⟨

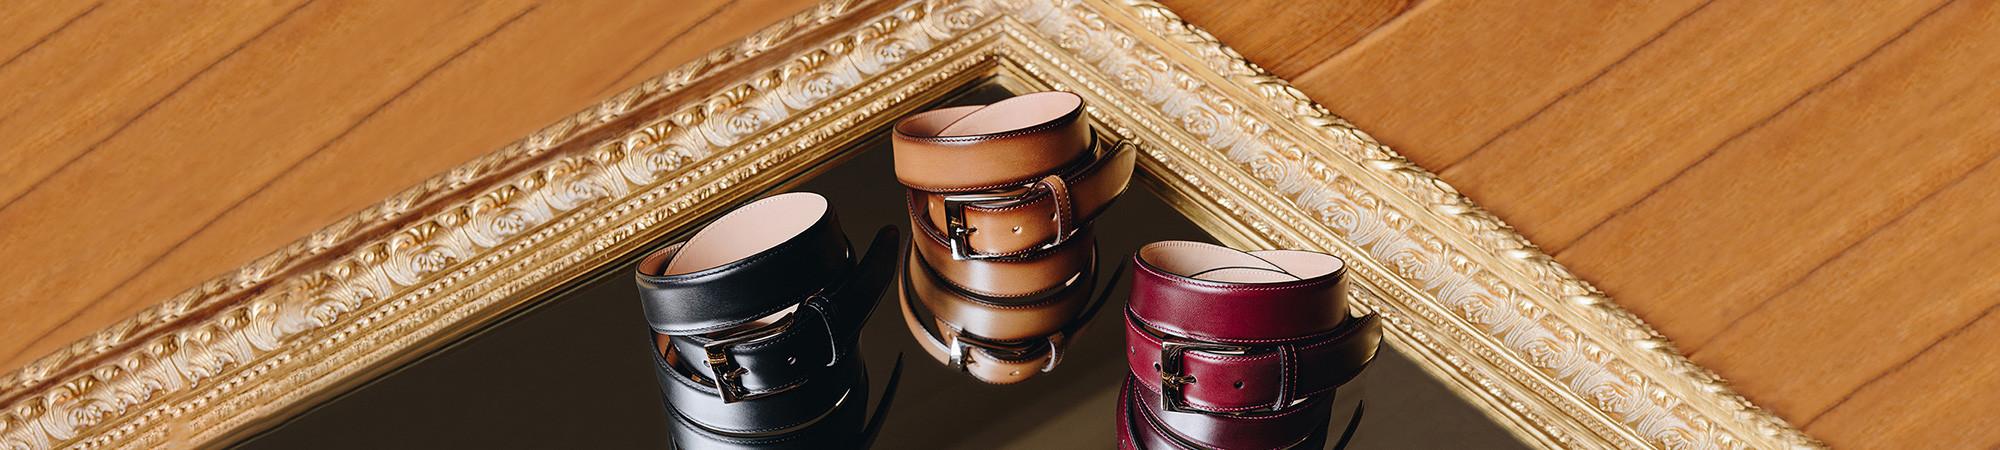 Belts for men - Emling belts
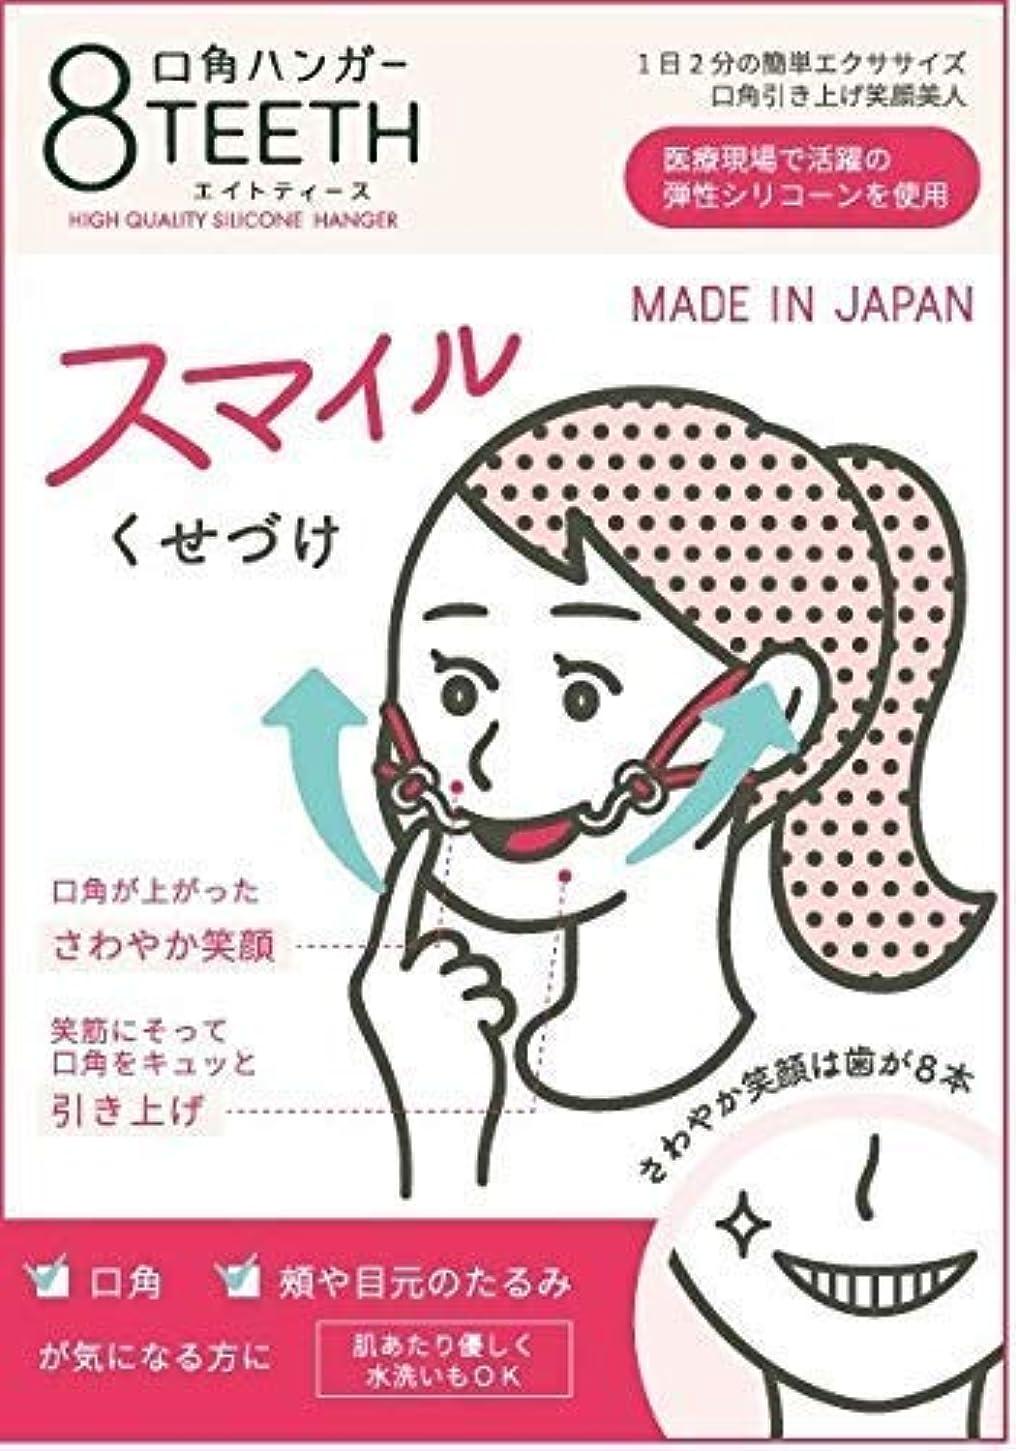 心理学擬人二十口角ハンガー 8teeth エイトティース 【表情筋トレーナー監修】日本製 口角 頬 たるみ 上る 引き上げる 表情筋 ほうれい線 リフトアップ グッズ エクササイズ トレーニング 笑顔美人 NHK「まちかど情報室」紹介
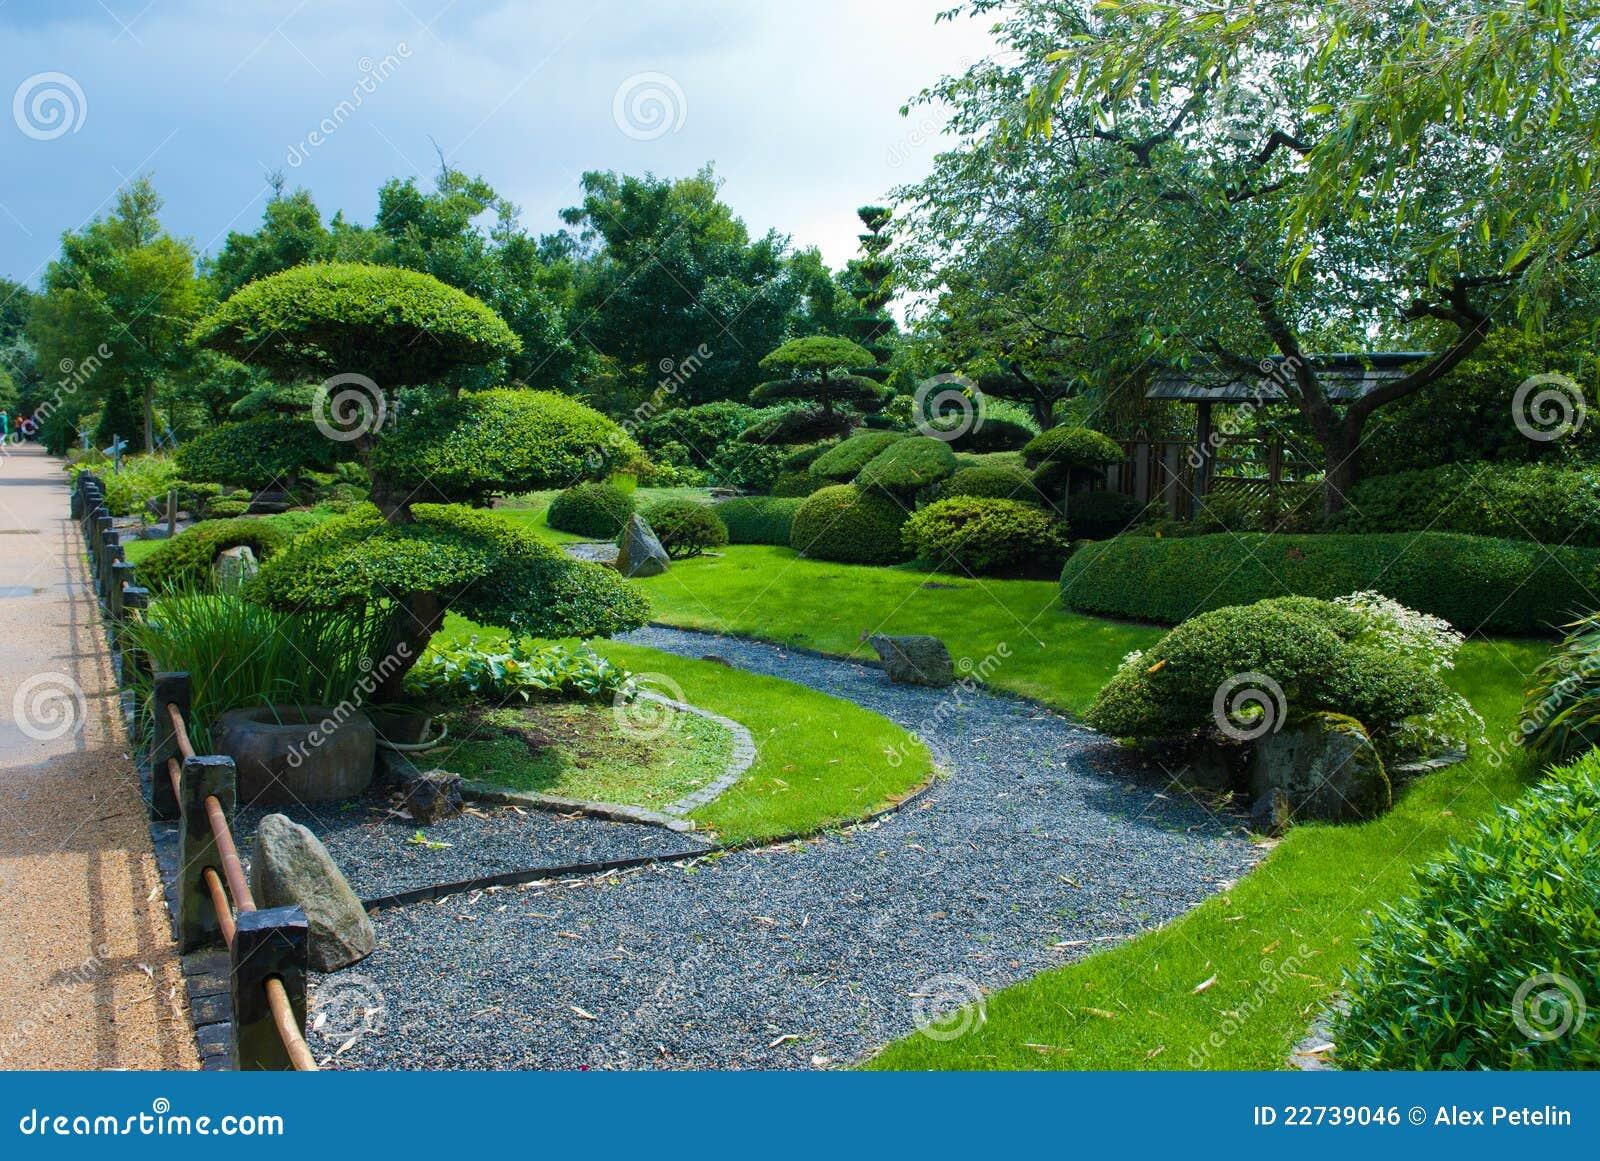 Japanischer Garten Topiary
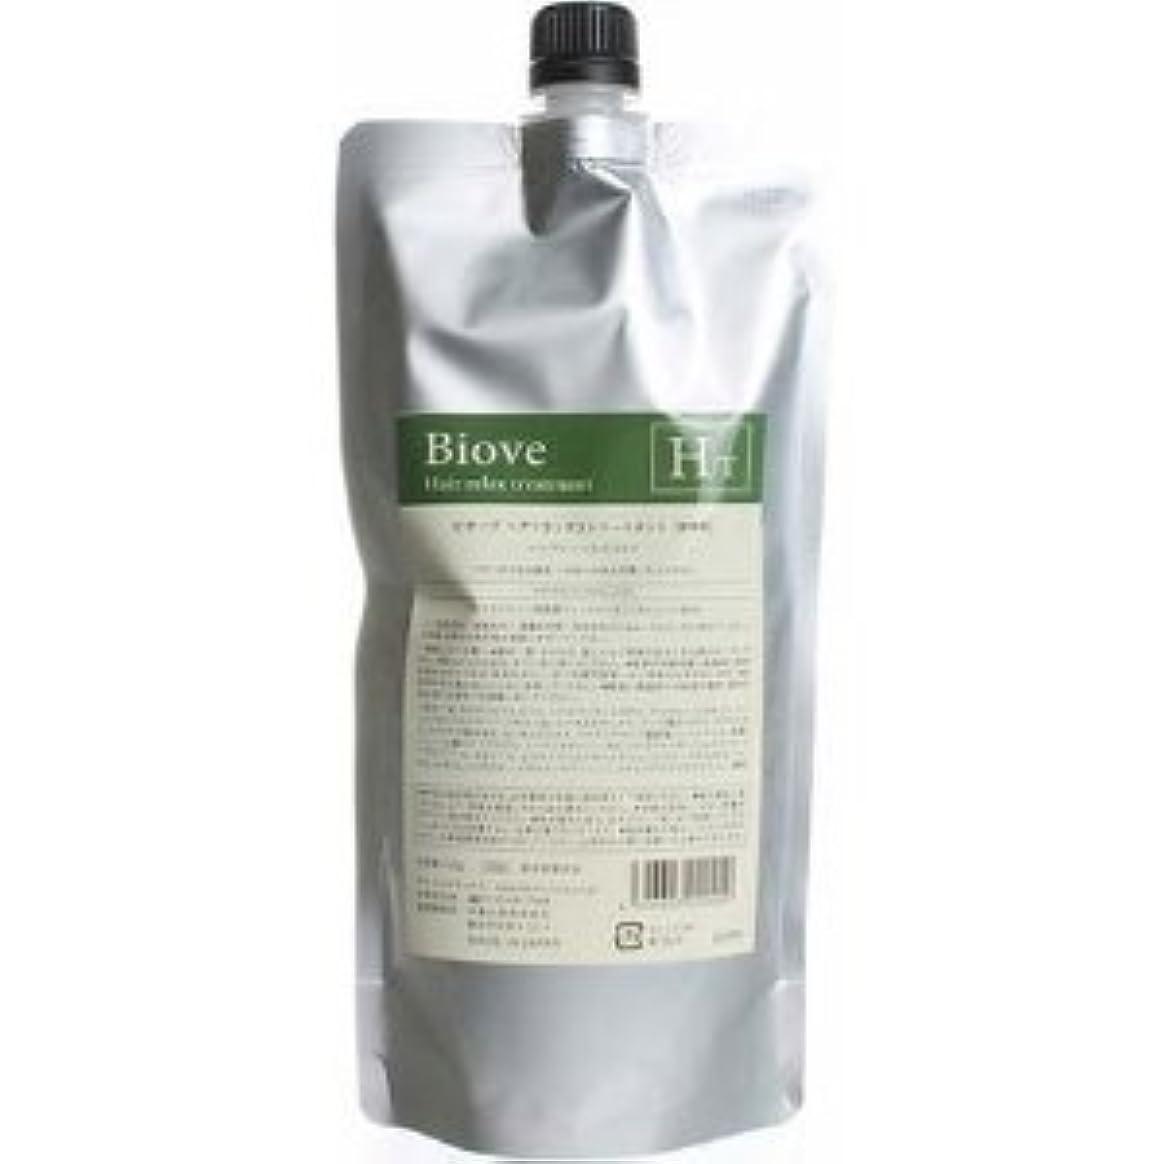 溶融老人珍味デミ ビオーブ ヘアリラックス トリートメント <450g> 詰め替えdemi biove
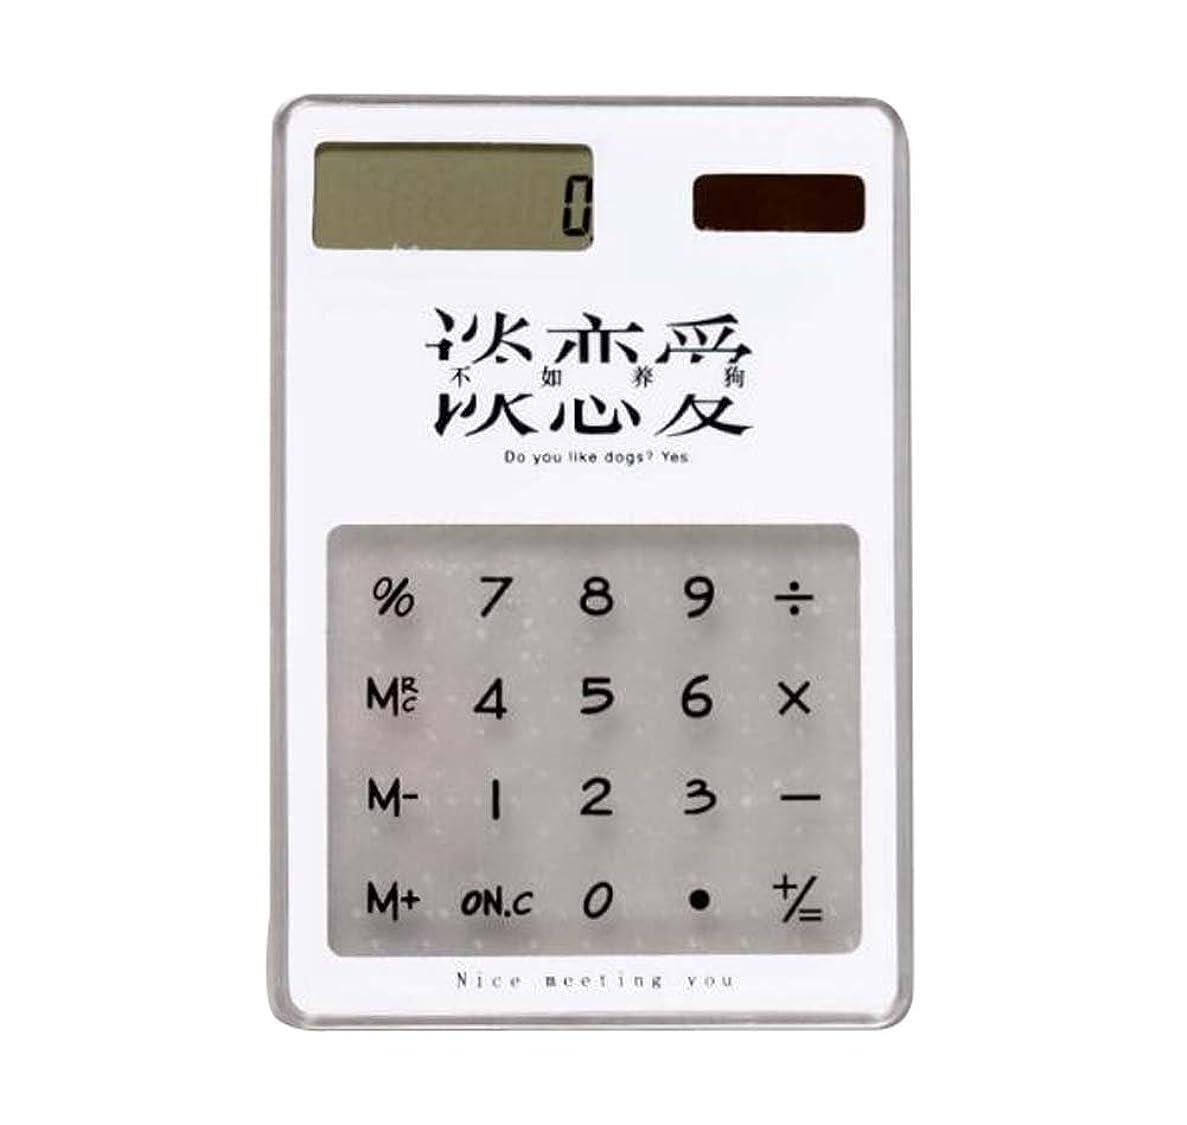 ルーチン散歩ビジュアル透明な小さな電卓ポータブルビジネス太陽エネルギーの電卓 - E2
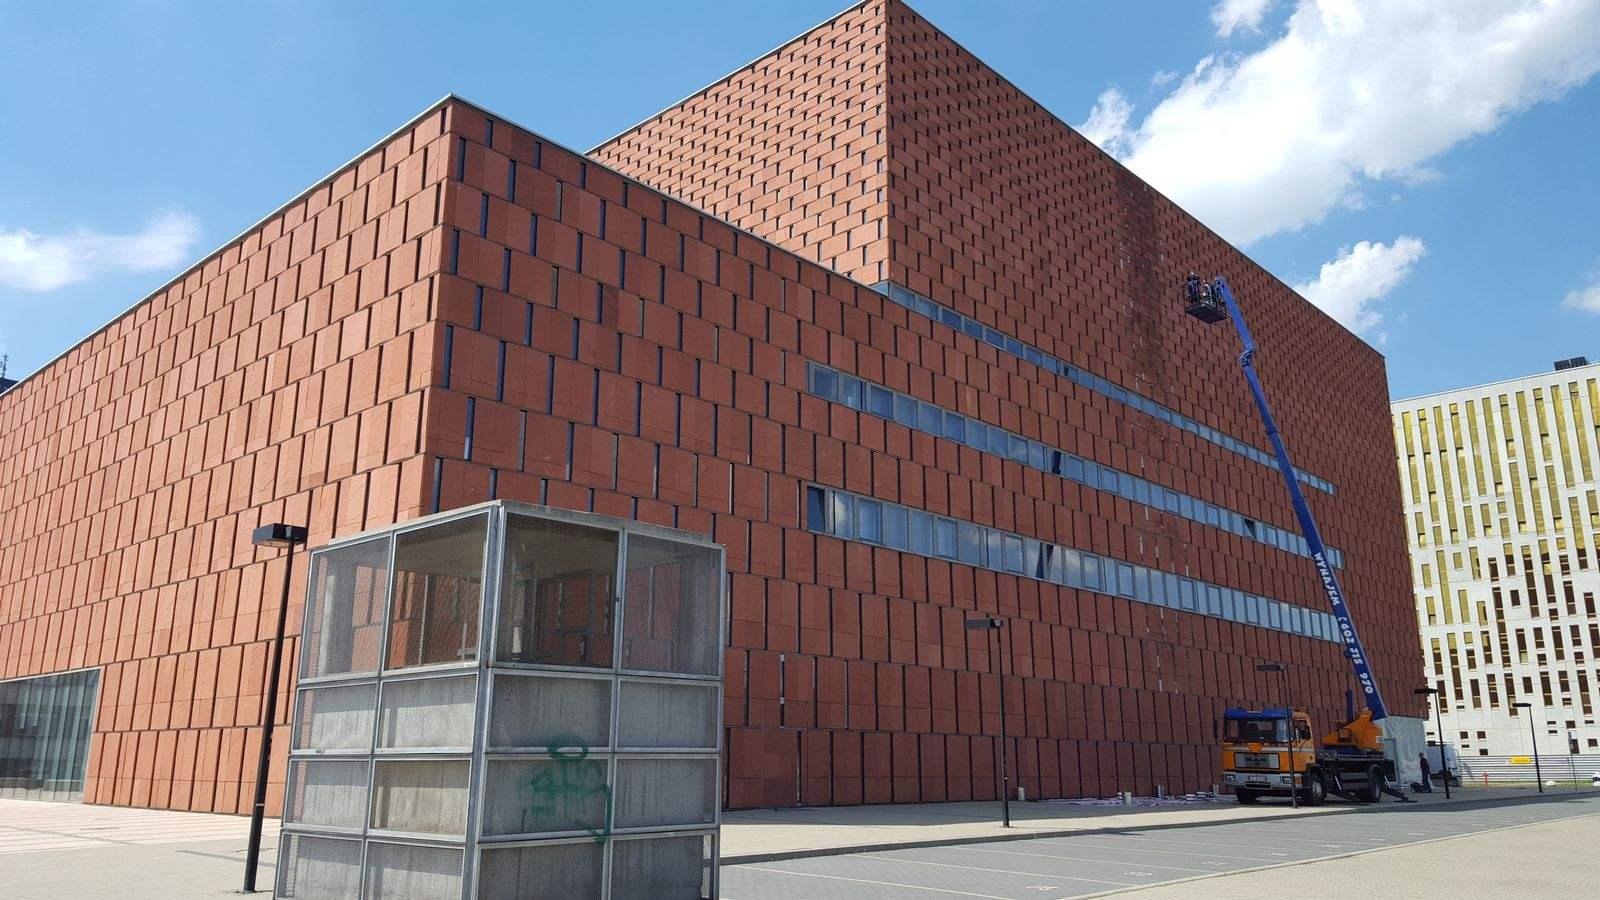 15 Biblioteka Uniwersytet Ślaski w Katowicach - Hydrofobizacja

⟩

■ PROBLEM STATEMENT ■
Each record must be repeated verbatim, and no picture may appear in the copy.

■ EXERCISE ANSWER ■
 Belts for men - Emling belts
 心理学擬人二十口角ハンガー 8teeth エイトティース 【表情筋トレーナー監修】日本製 口角 頬 たるみ 上る 引き上げる 表情筋 ほうれい線 リフトアップ グッズ エクササイズ トレーニング 笑顔美人 NHK「まちかど情報室」紹介
 Japanischer Garten Topiary
 溶融老人珍味デミ ビオーブ ヘアリラックス トリートメント <450g> 詰め替えdemi biove
 ルーチン散歩ビジュアル透明な小さな電卓ポータブルビジネス太陽エネルギーの電卓 - E2
 15 Biblioteka Uniwersytet Ślaski w Katowicach - Hydrofobizacja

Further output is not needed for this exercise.